Болгарские четы формировались в пограничном городе Зайчаре. Очевидно, Черняев просто не понимал, насколько далеки по качеству сербские войска от тех, которыми он командовал в Туркестане. Накануне начала военных действий не было проведено ни одного учения. План действий сразу же провалился — Черняев, который ни разу не командовал крупными армейскими соединениями, не справился с руководством импровизированным крестьянским войском. Личная храбрость генерала не могла исправить его ошибок. Собранные силы были в целом неплохо обеспечены продовольствием, обмундированием, оружием и боеприпасами, однако хорошо действовала только немногочисленная артиллерия, имевшая неплохой обученный еще в мирное время кадровый состав.
В начале 1860-х русский военный специалист дал довольно точный прогноз возможным действиям сербских вооруженных сил:
«Столь незначительная армия, без прочной организации, без перевозочных средств, без резервов, без дисциплины и внутренней связи между ее частями может быть, конечно, пособием для поддержки восстания населения стран, ближайших к Сербии, но уже никак не может сделаться орудием для каких-либо правильных наступательных действий, а тем более для внешних завоеваний».
К масштабным наступательным действиям на уровне армии, обладавшей кадровым офицерским корпусом (в целом на батальон приходилось по 1 офицеру), солдатами и унтер-офицерами, имеющими за спиной длительный срок службы под знаменами, сербское ополчение и добровольцы не могли быть готовы и в середине 1870-х. Их наступление привело к частным успехам, после взятия Бабиной Главы (20 июня — 4 июля) оно остановилось. Победа была достигнута только после третьего штурма турецких позиций, когда командующий лично появился на поле сражения. Потери, понесенные в этих боях, самым негативным образом повлияли на авторитет Черняева среди сербов — ополченческая армия не могла ни избежать, ни стойко перенести их. Победа парализовала Тимокскую армию — всё самое худшее для нее было впереди. В тылу царил беспорядок, уровень дисциплины падал. В армии распространилось членовредительство, и Милан призывал Черняева принять самые жесткие меры против такого рода дезертиров.

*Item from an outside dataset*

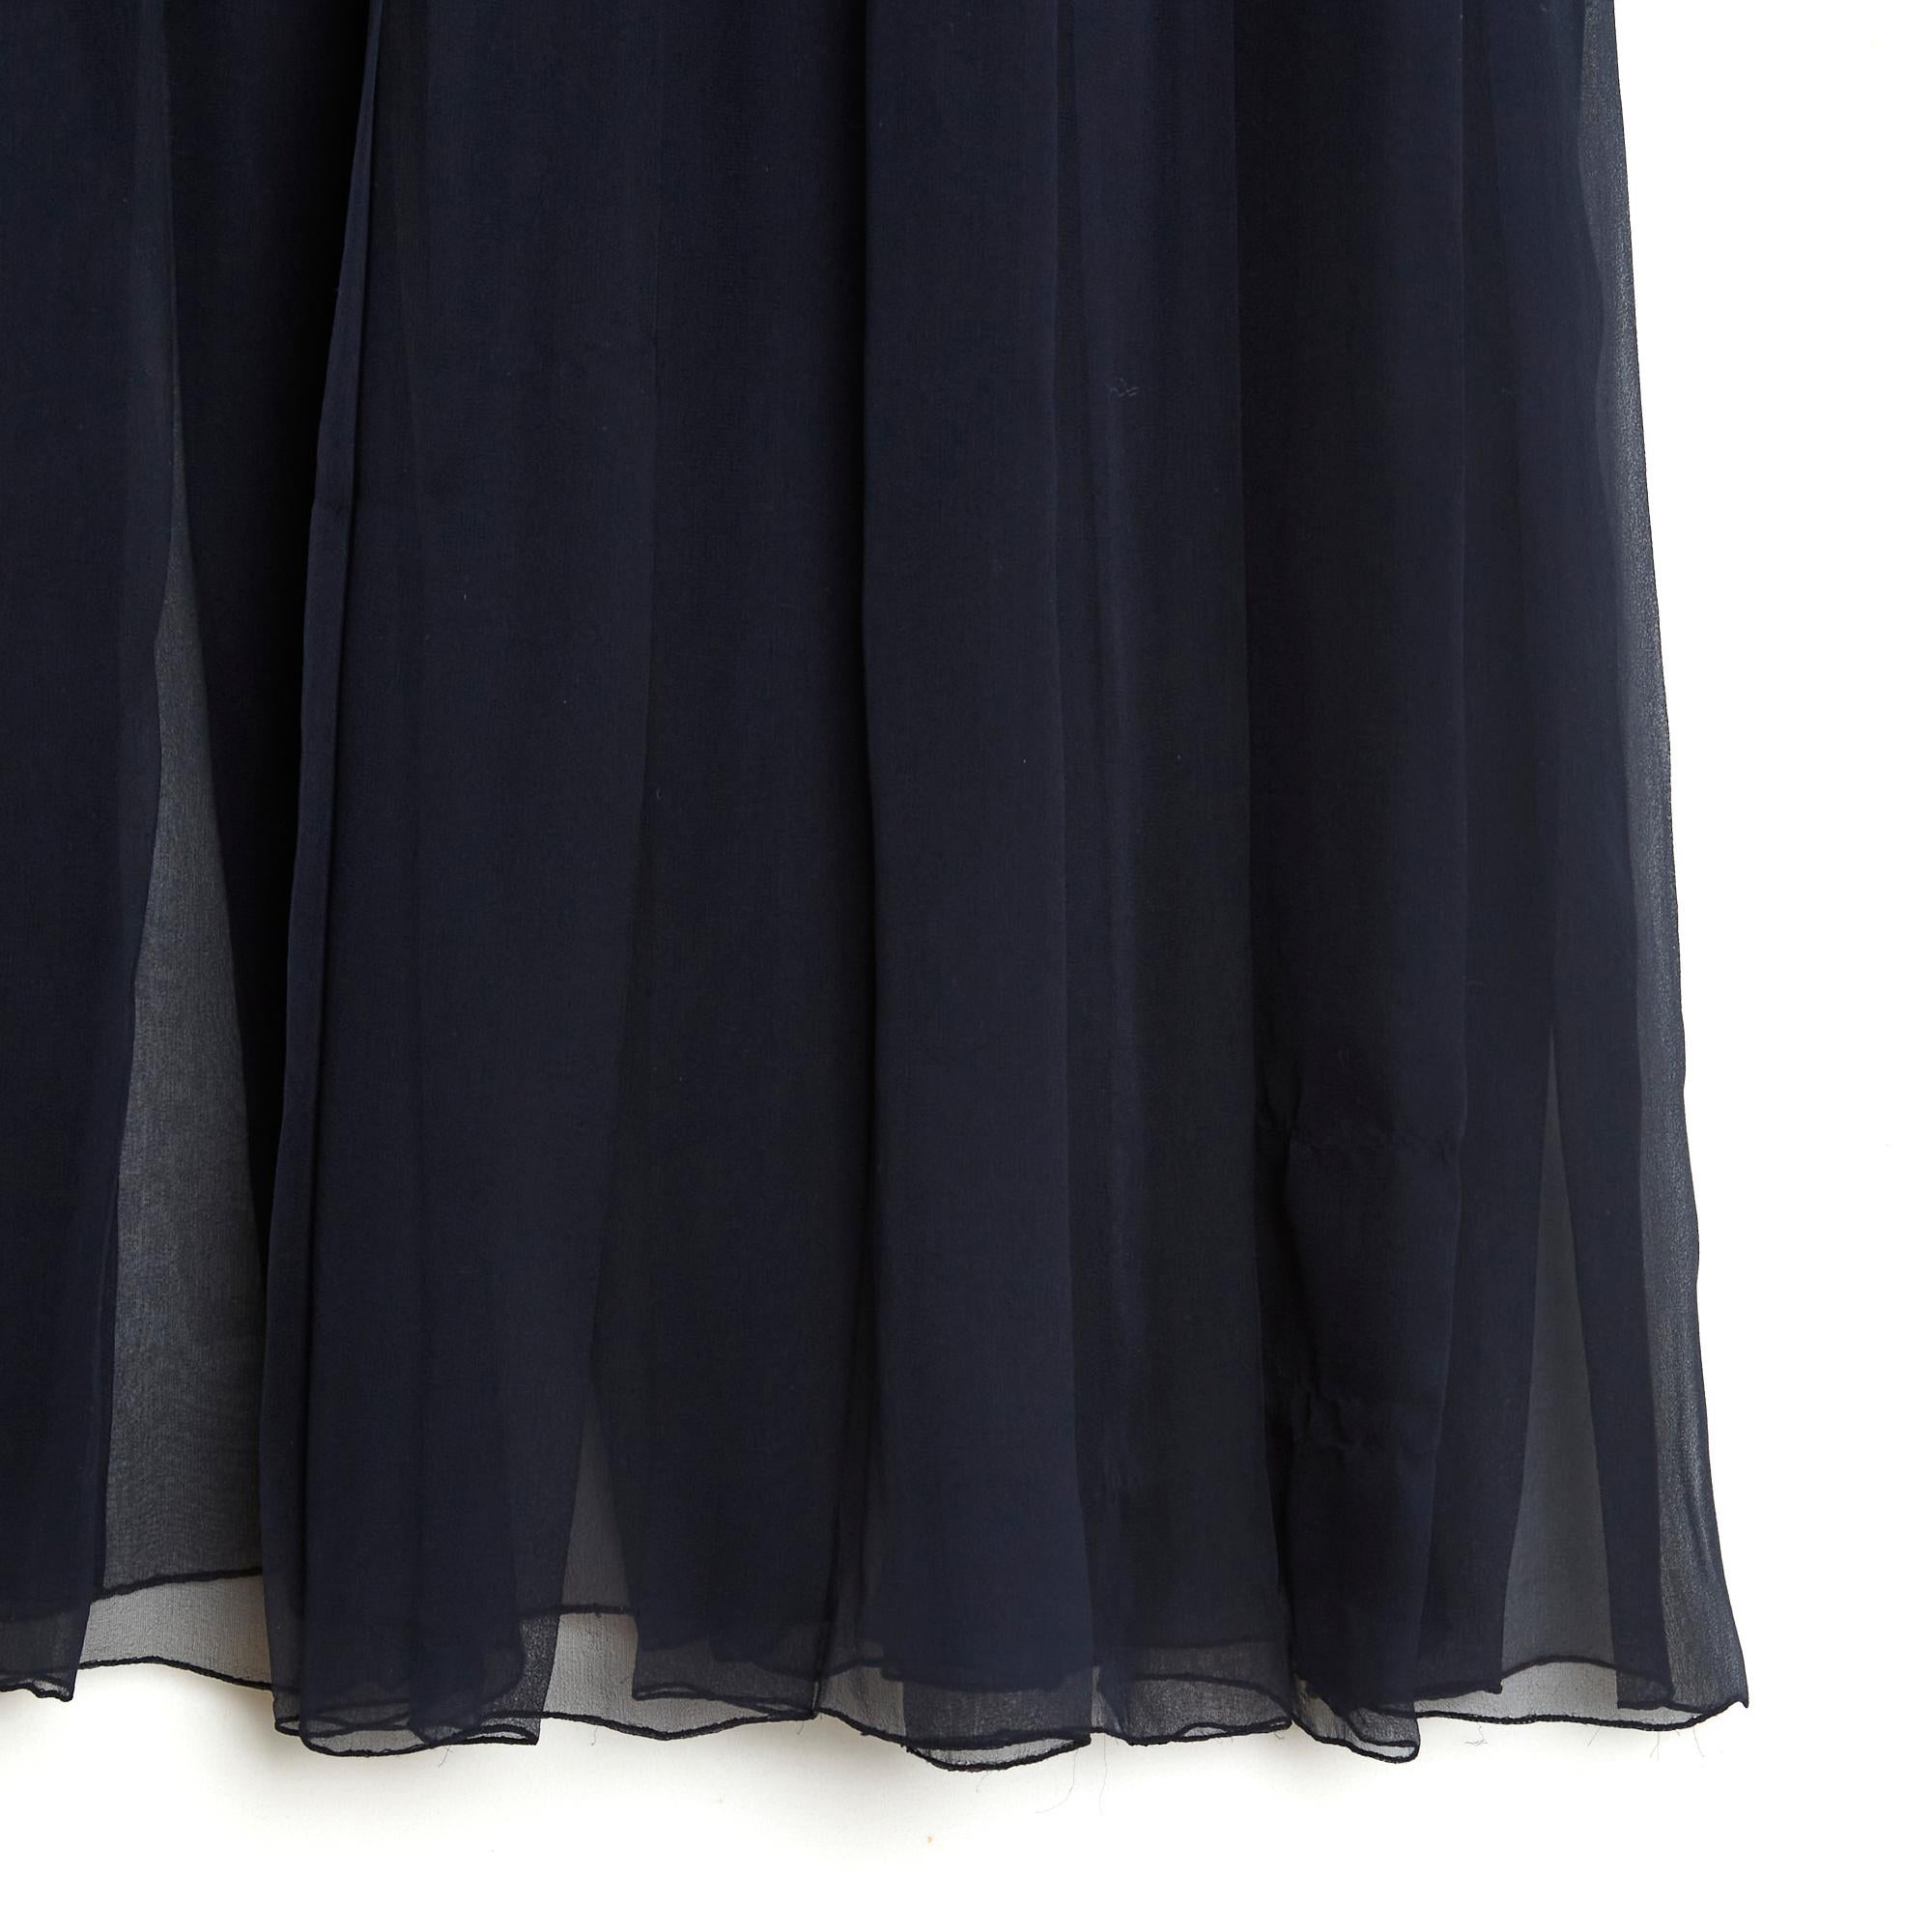 Jupe Chanel Haute Couture en mousseline de soie bleu marine, longueur cheville, plissée au bas de la jupe (à partir du dessus du genou), doublée de mousseline de soie sur la partie supérieure, fermée par un zip et un crochet. Pas de composition ni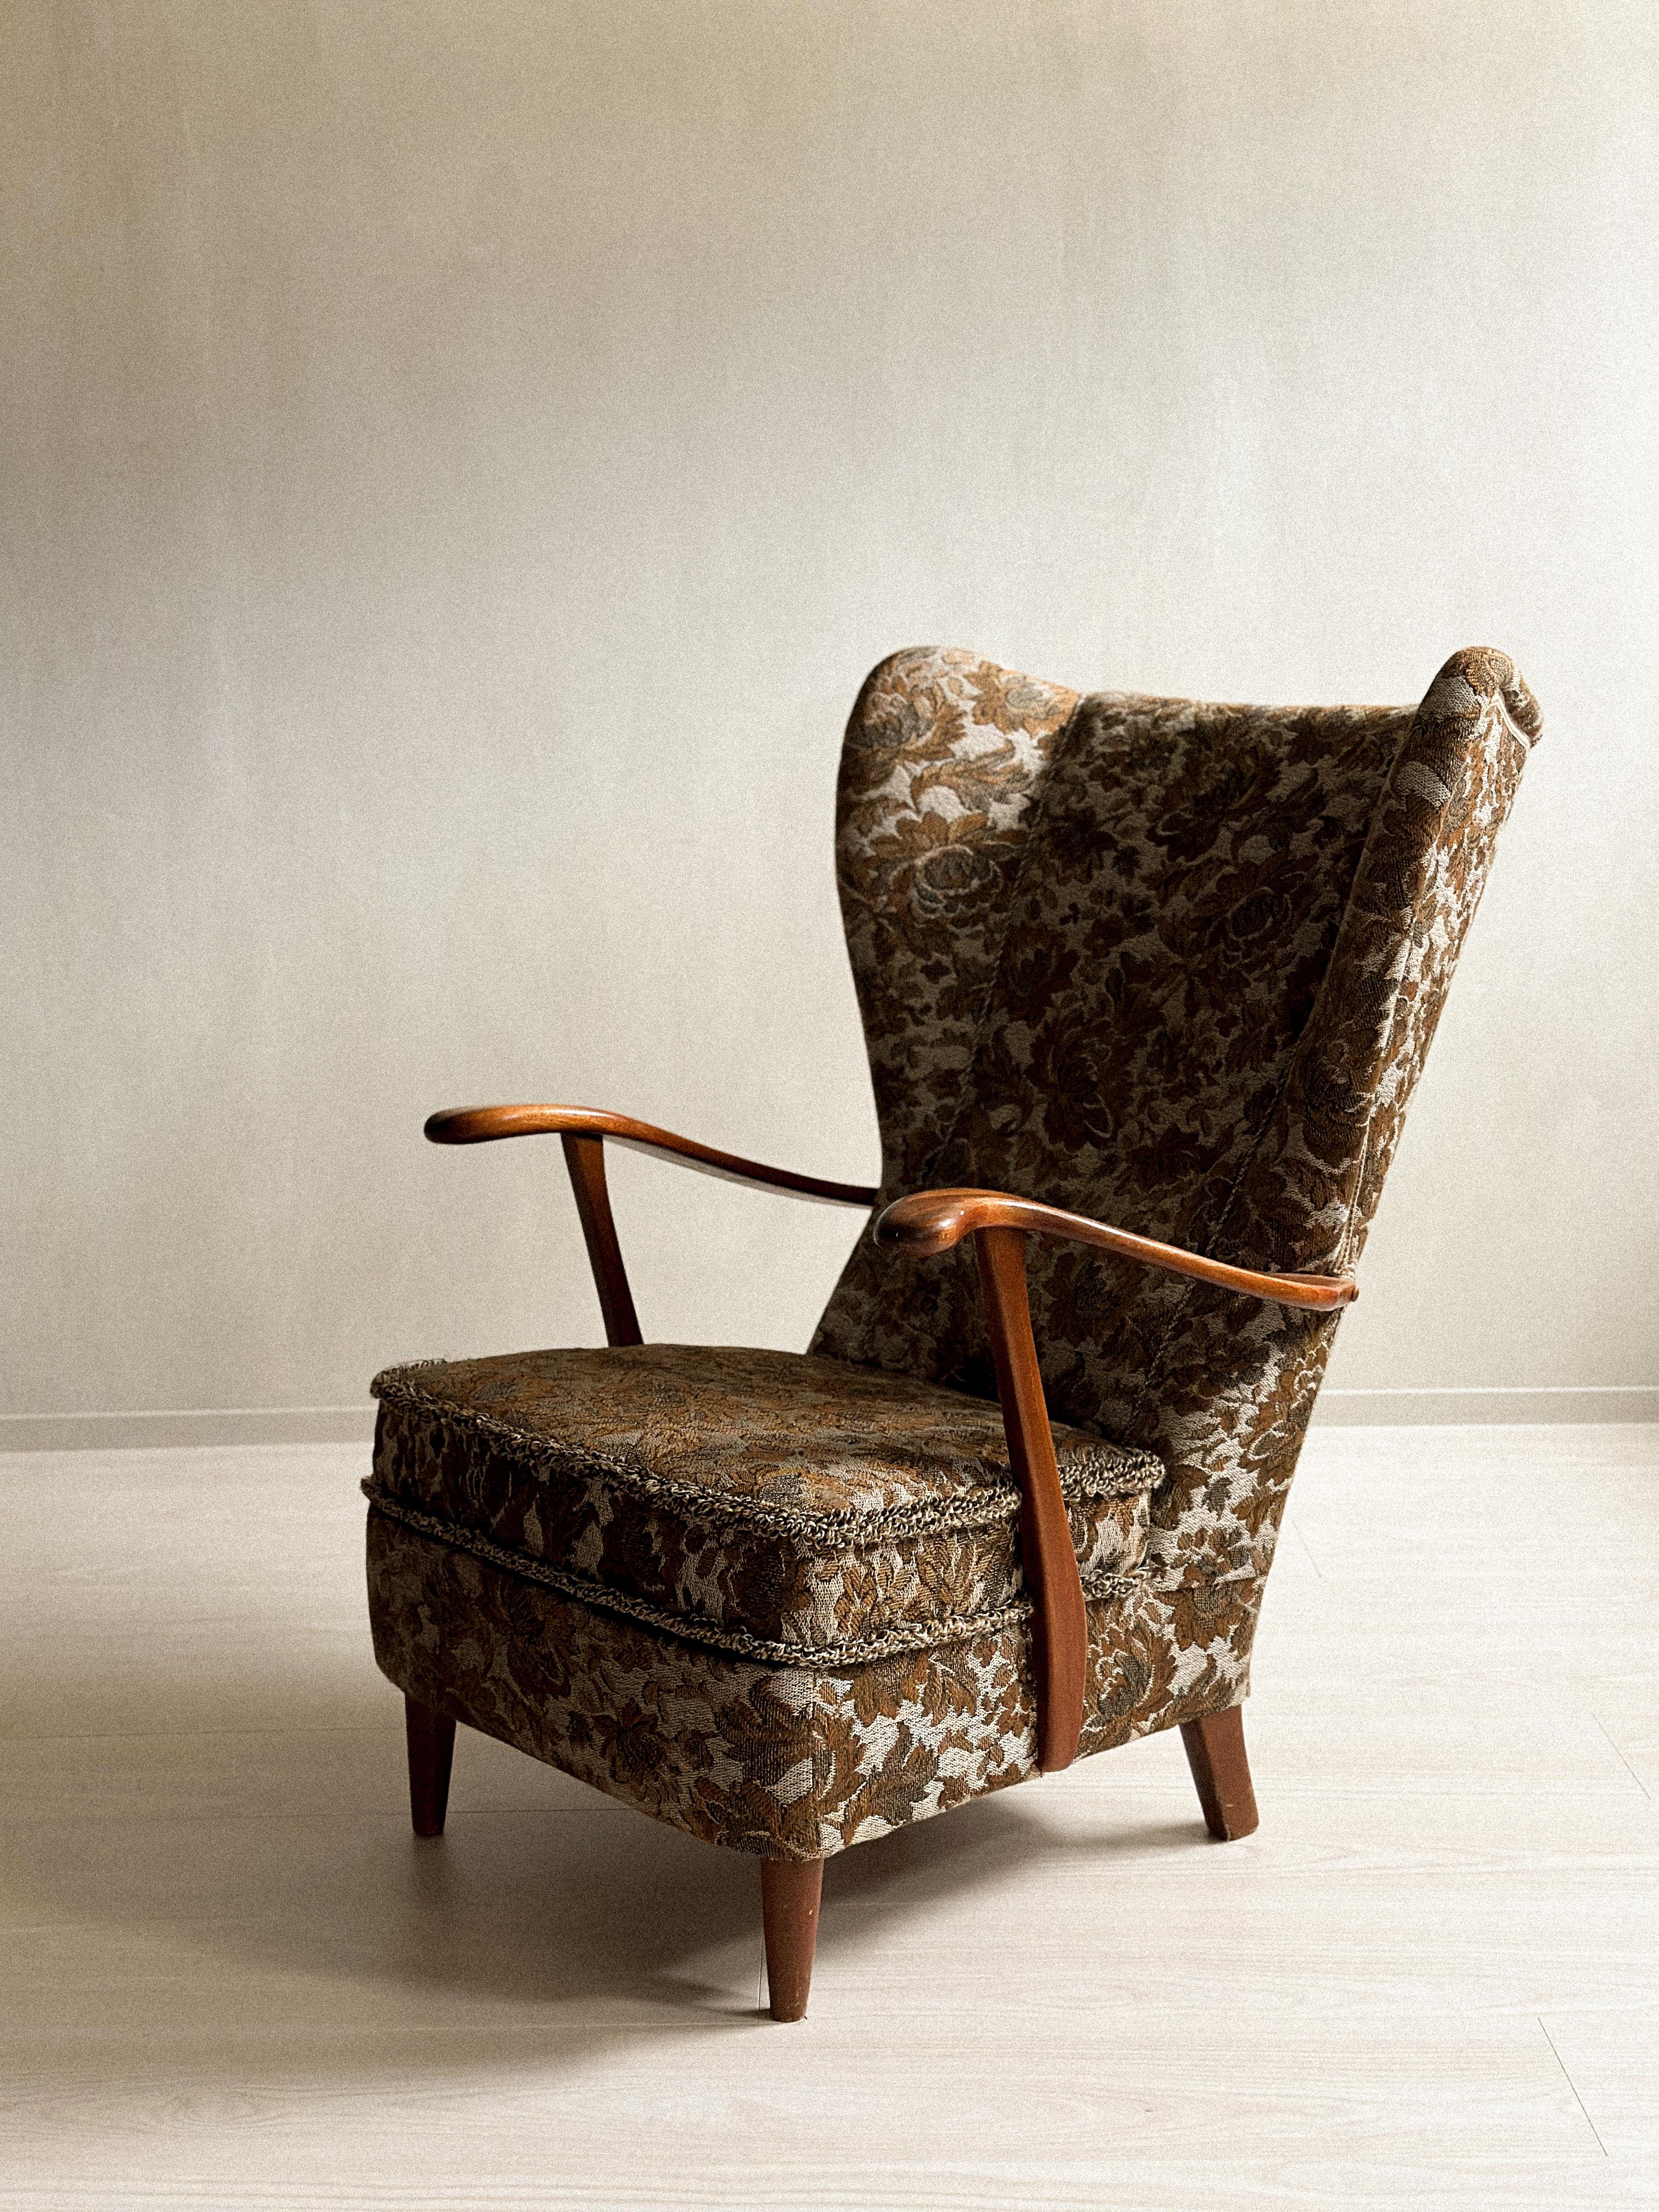 Die praktischen und komfortablen Entwürfe der dänischen Möbelschreiner prägten die modernen Sitzmöbel der Mitte des 20. Jahrhunderts. Die dänischen Möbelschreiner konzentrierten sich auf minimalistisches Design, das von fachkundigen Handwerkern

Наиболее удачно действовали черногорцы. Их армия формально состояла из 2 дивизий по 10 тыс. чел. и по 1 горной батарее в 4 орудия в каждой. Фактически это было клановое ополчение, слабо и весьма разномастно вооруженное устаревшими винтовками русского и австрийского производства, штуцерами, гладкоствольными ружьями. Для вооружения имелось 12 тыс. карабинов системы Минье, 300 игольчатых ружей, около 1 тыс. переделанных гладкостволок и самого разного оружия. Игольчатыми ружьями, уже устаревшими, вооружались лучшие стрелки. Запас патронов был незначительным. Имевшиеся орудия также были старыми и не годились для стрельбы боевыми зарядами. В строю эта армия насчитывала около 30 тыс. чел., из которых 11 тыс. — резерв, в который входила молодежь младше 17 лет и мужчины старше 50. Использовать этот резерв в наступлении было невозможно, и князь Николай Черногорский вторгся с 11 тыс. бойцов в Боснию, где почти сразу же его армия увеличилась до 20 тыс. за счет местных добровольцев из православного населения. 28 июля разбили турок под командованием Мухтар-паши, а потом и Махмуд-паши, остатки отрядов которого были блокированы в Медуне недалеко от Подгорицы и через 4 месяца осады принуждены к сдаче.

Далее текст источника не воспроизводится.